Give back the listing in full and exactly, leaving out the images.

DATA SEGMENT

──────

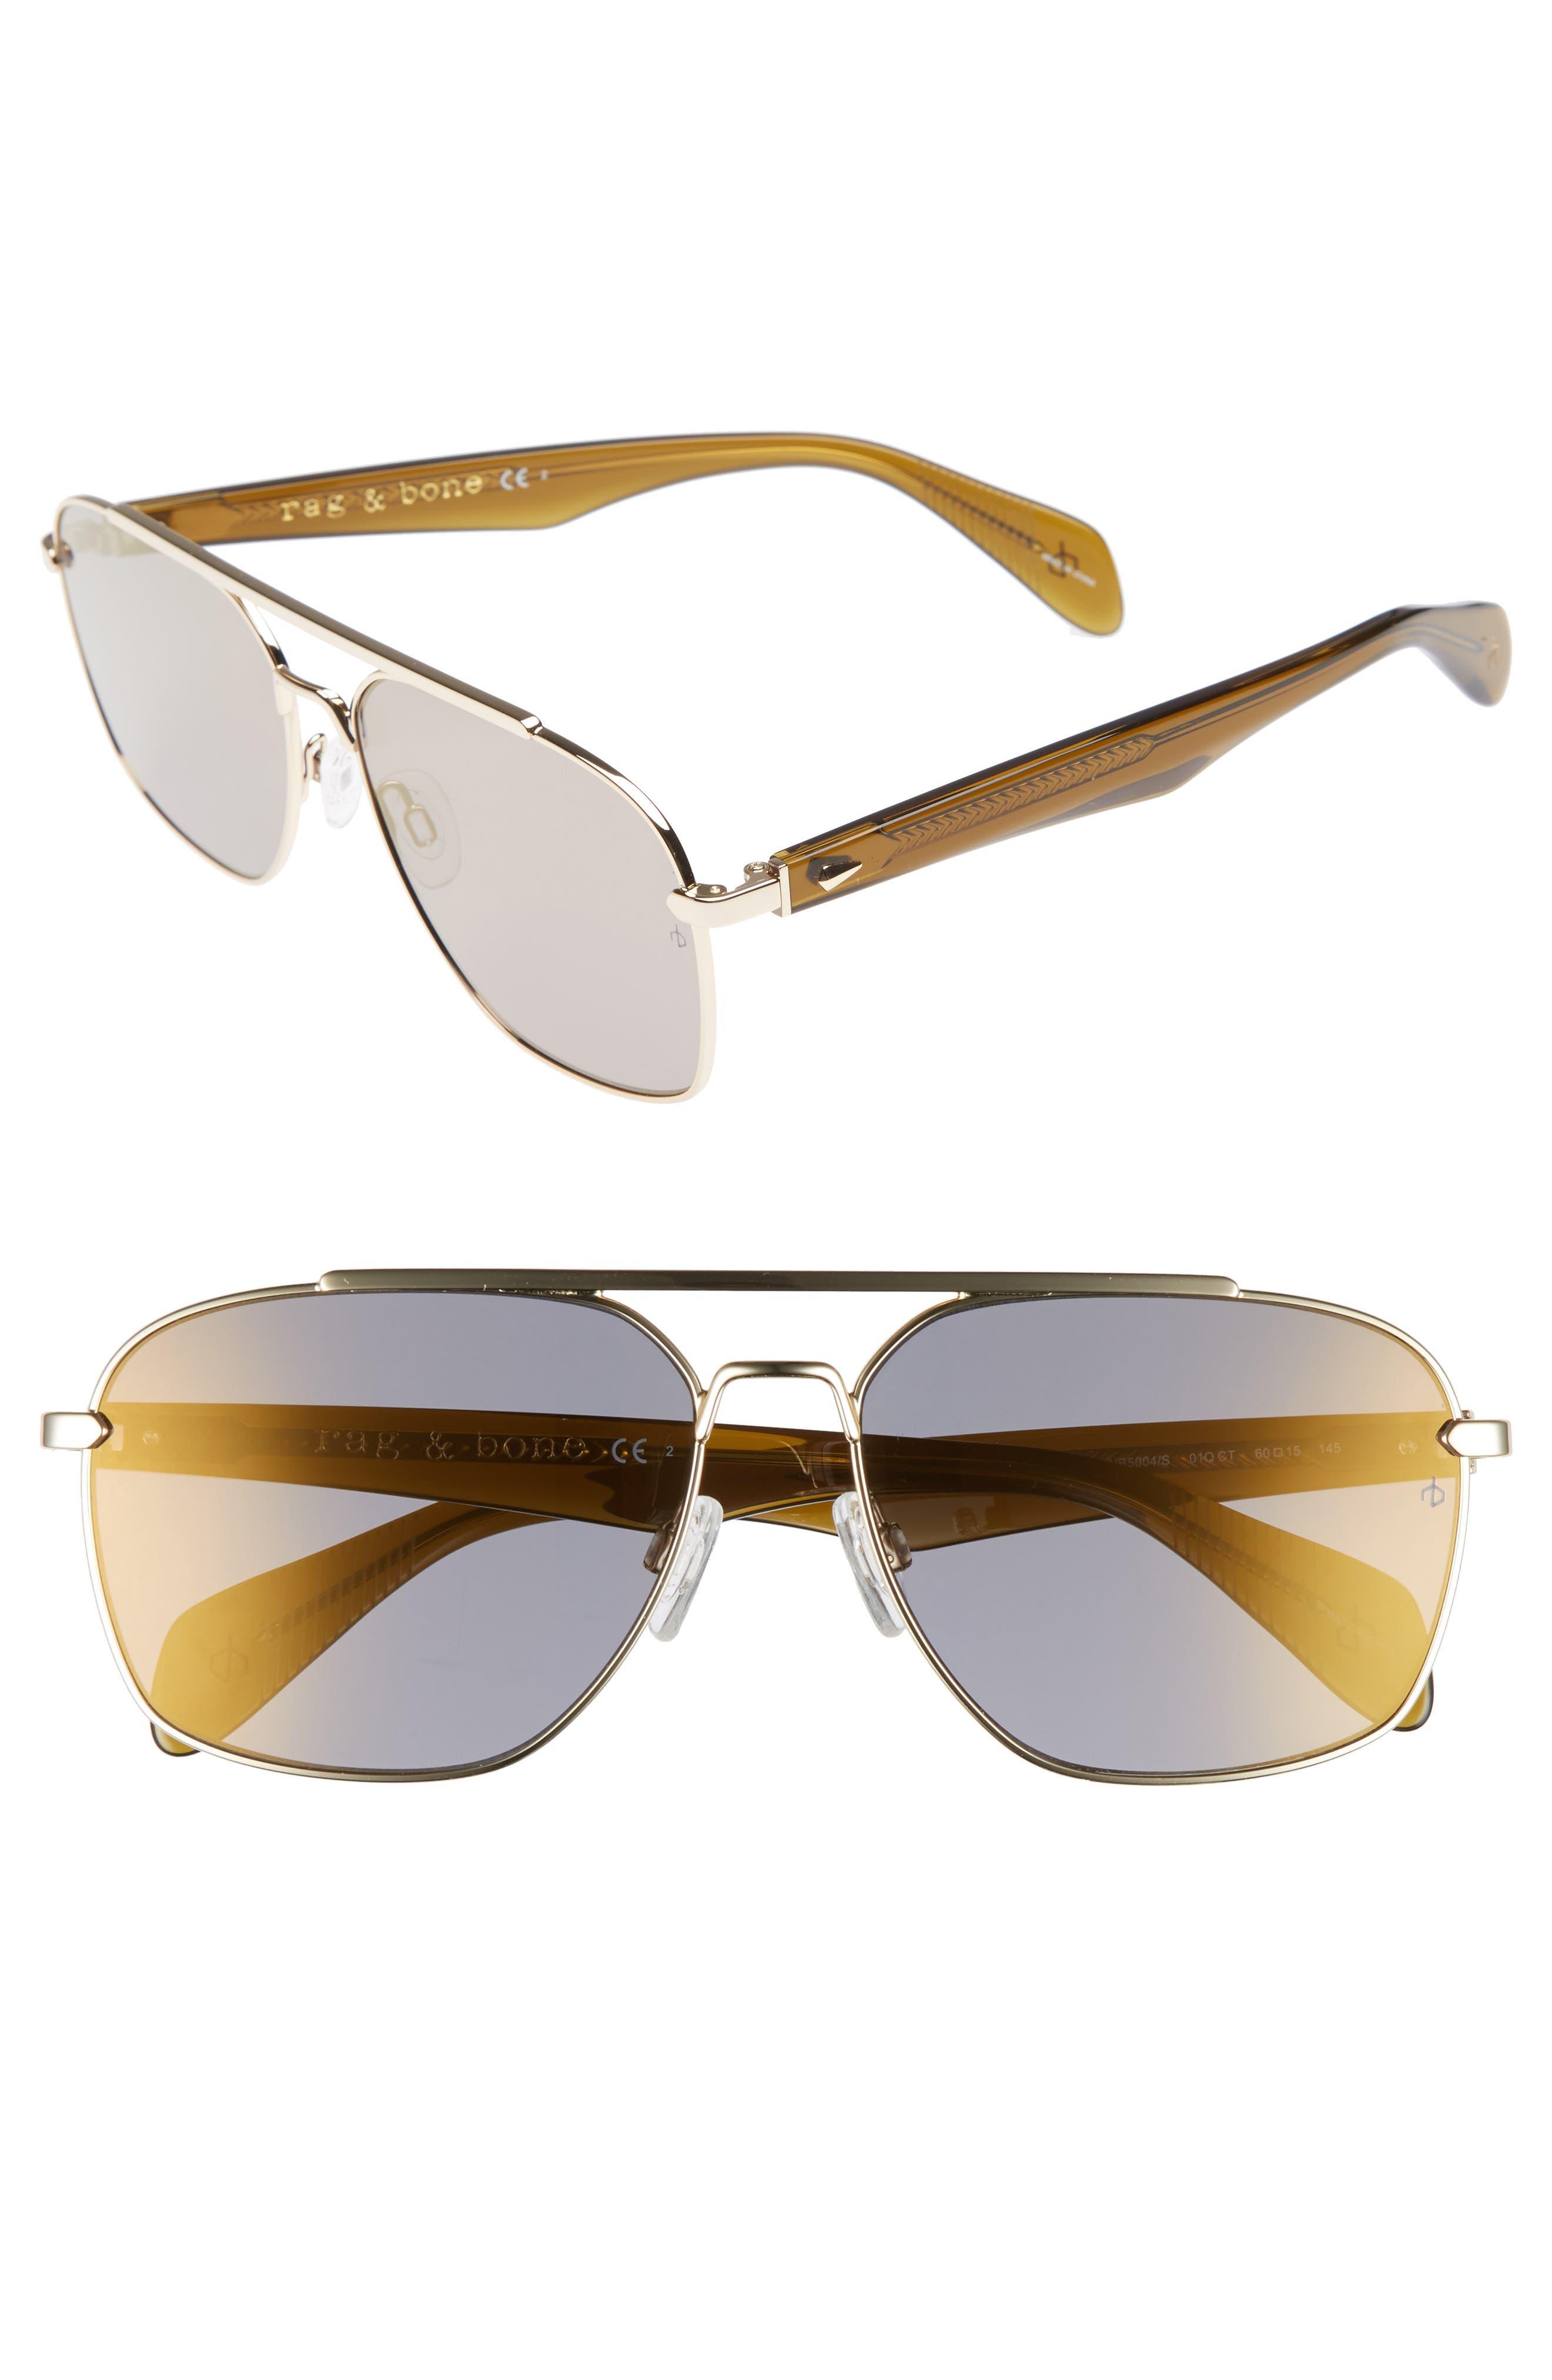 60mm Navigator Sunglasses,                         Main,                         color, 710
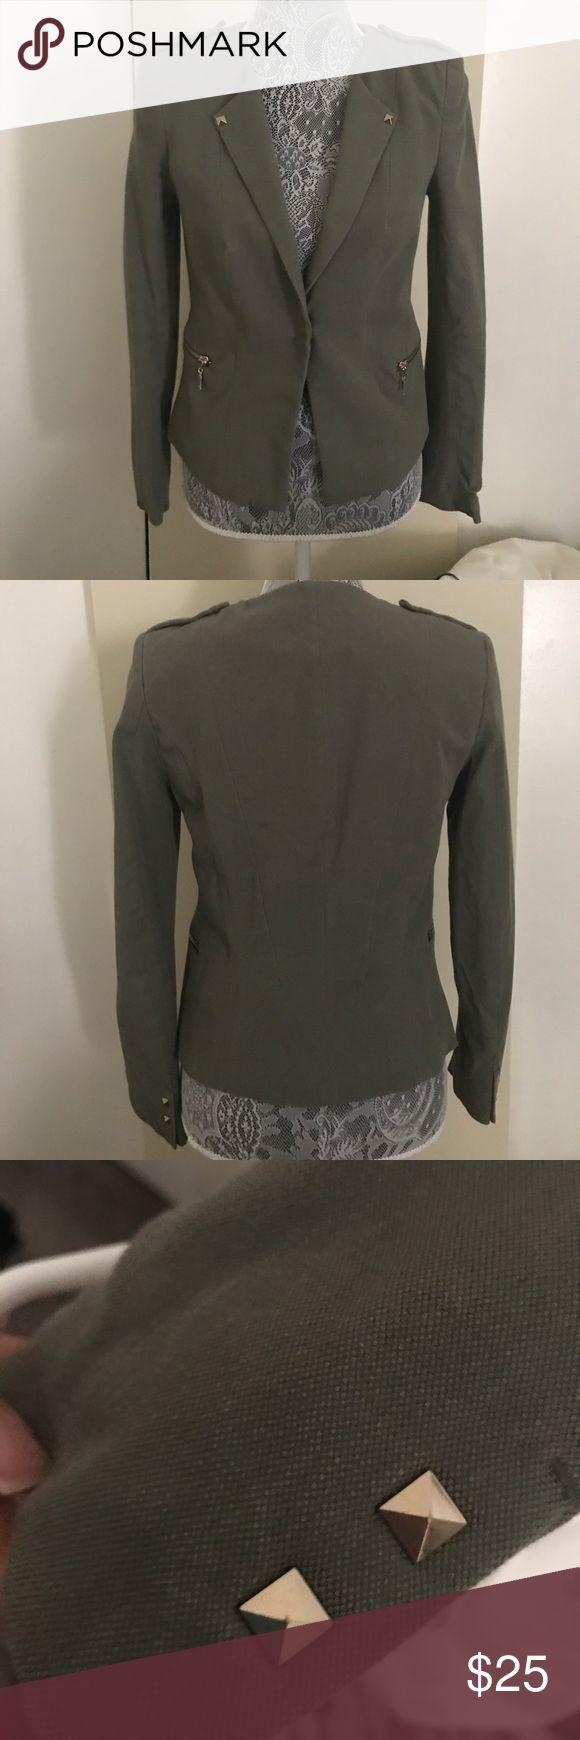 Olive green blazer Super cute olive green blazer H&M Jackets & Coats Blazers
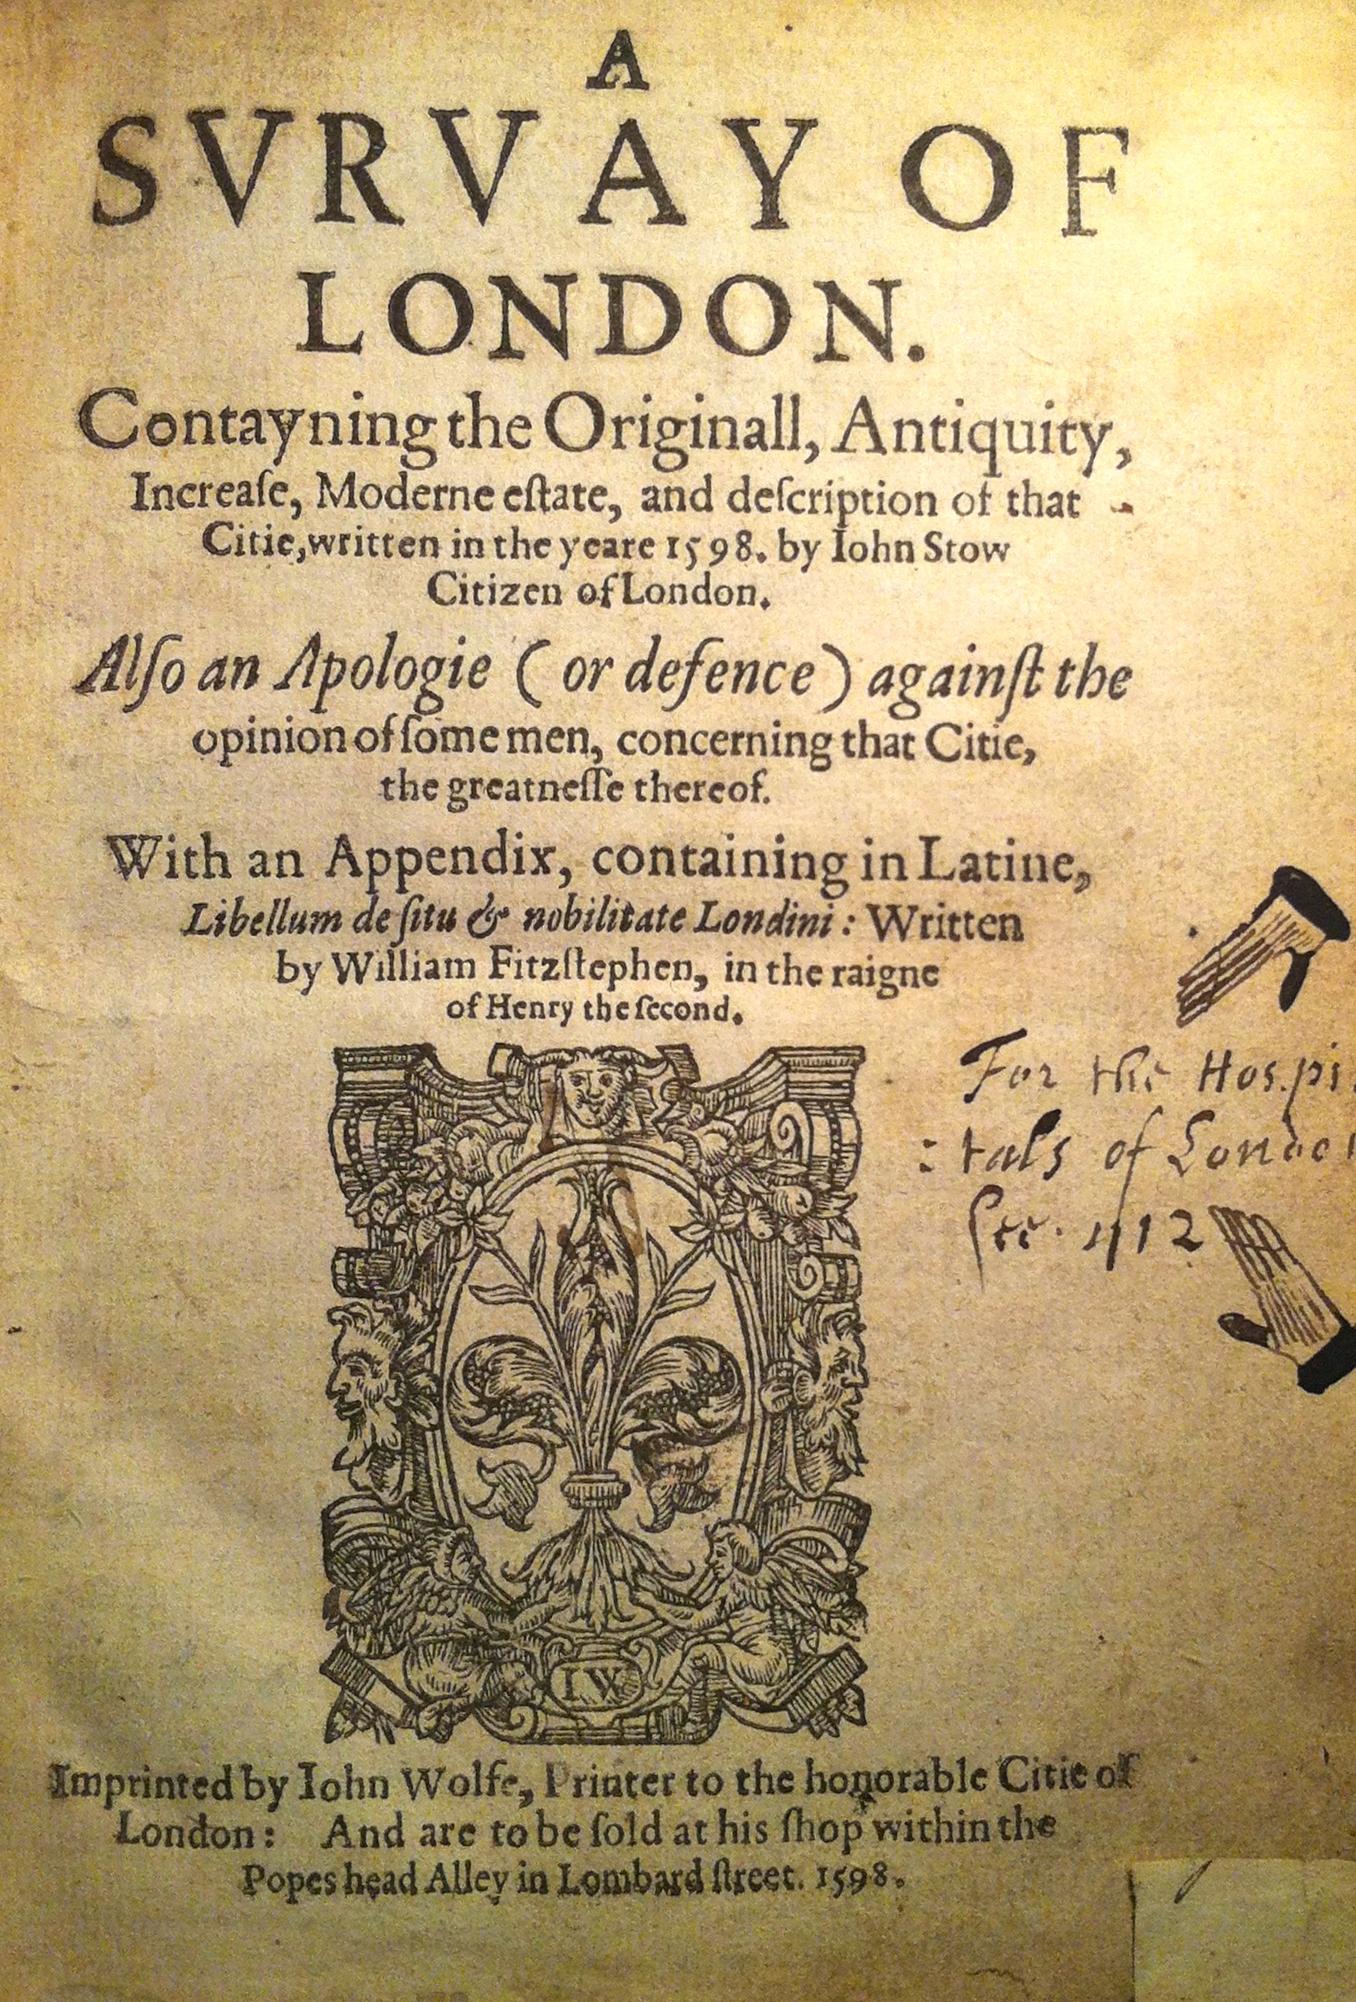 John Stow's 1598 Survey of London.

──────

RESULT OF THIS EXERCISE
 60mm Navigator Sunglasses,                         Main,                         color, 710
 Olive green blazer Super cute olive green blazer H&M Jackets & Coats Blazers
 John Stow's 1598 Survey of London.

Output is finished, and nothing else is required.